Disclosures Regarding My Portfolios: Attributing the Contributions of Others

‘Personal’ Achievement?

October 8, 2018 was an extremely memorable night for Drew Brees at the Mercedes-Benz Superdome in New Orleans. Under the intense scrutiny of Monday Night Football, the quarterback of the New Orleans Saints became the leading passer in the history of the National Football League. (For those not familiar with this sport, you can think of his 72,103-yard milestone as a lifetime-achievement accomplishment of ultramarathon’ic proportions.) The narrative on Brees’ contributions to ‘the game’ are anything but complete. In fact, the longer he plays, the more impressive this milestone becomes, as he continues to place distance between himself and every other NFL QB.

Of course the record books, and Brees’ inevitable induction into the Pro Football Hall of Fame, will all position this as an individual-achievement award. Whenever given the opportunity to reflect upon seemingly personal achievements such as the all-time passing leader, Brees is quick to acknowledge those who have enabled him to be so stunningly successful in such a high-profile, high-pressure role – from family and friends, to teammates, coaches, and more.

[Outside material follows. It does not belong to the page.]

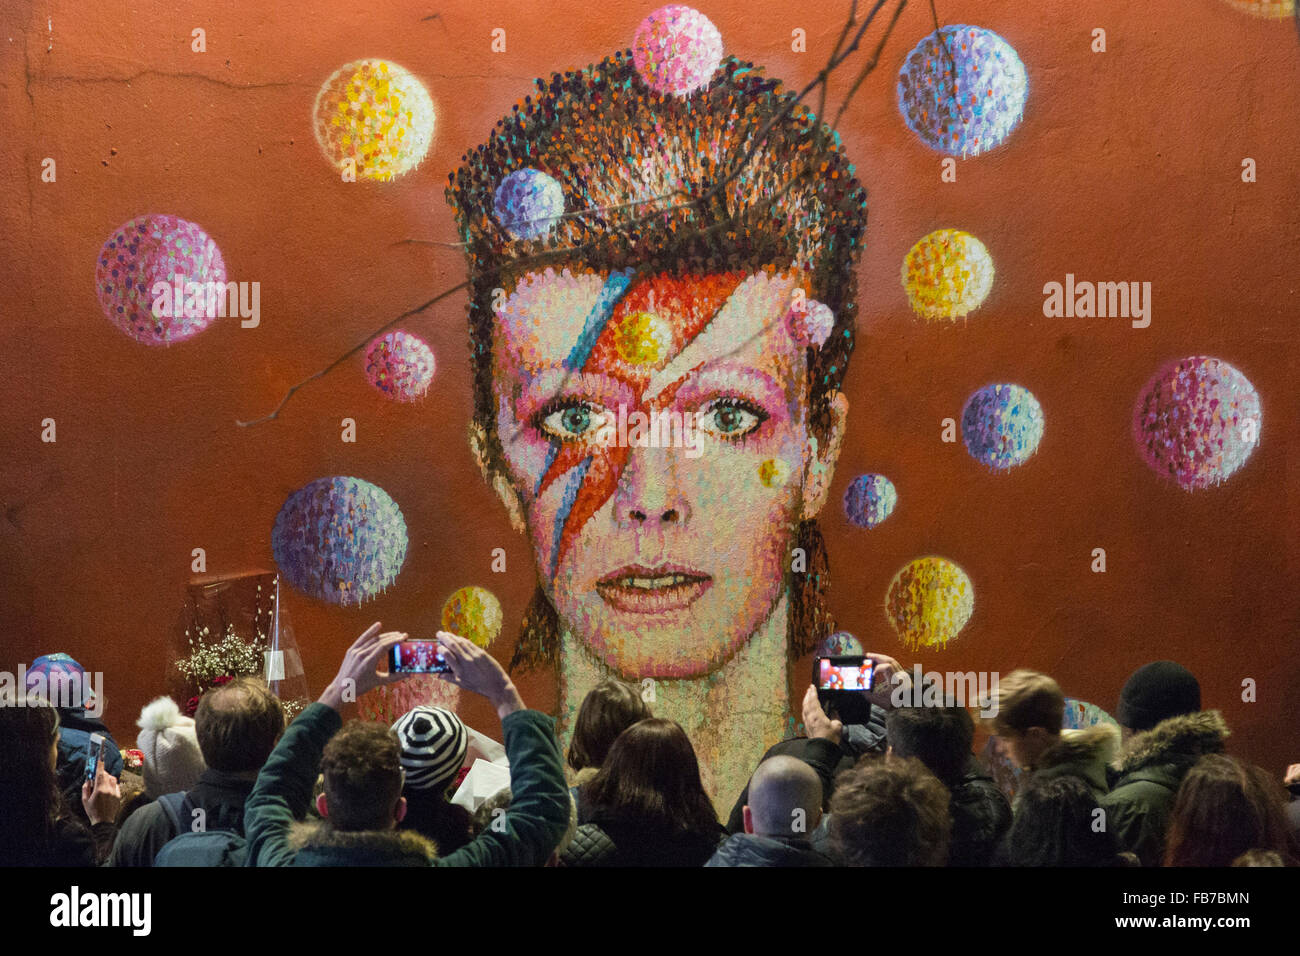 London, UK. 11 January 2016. Fans hold a vigil at the David Bowie mural in Brixton to lay flowers and leave messages. Tributes to David Bowie (1947-2016) who passed away on 10 January 2016. Credit:  Nick Savage/Alamy Live News Stock Photo

As I wrote about another NFL quarterback in a recent post, like Tom Brady, Brees remains a student-of-the-game. He is also known for his off-the-field work ethic that he practices with the utmost intensity in preparing for those moments when he takes the main stage along with his team. Therefore, when someone like Brees shares achievements with those around him, it’s clearly an act that is sincerely authentic.

Full Disclosure

At the very least, self-curating and sharing in public some collection of your work has more than the potential to come across as an act of blatant self-indulgence – and, of course, to some degree it is! At the very worst, however, is the potential for such an effort to come across as a purely individual contribution. Because contribution matters so much to me personally, I wanted to ensure that any portfolio I self-curate includes appropriate disclosures; disclosures that acknowledge the importance of collaboration, opportunity, support, and so on, from my family, friends and acquaintances, peers and co-workers, employers, customers and partners, sponsors, and more. In other words, and though in a very different context, like Brees I want to ensure that what comes across as ‘My Portfolio’ rightly acknowledges that this too is a team sport.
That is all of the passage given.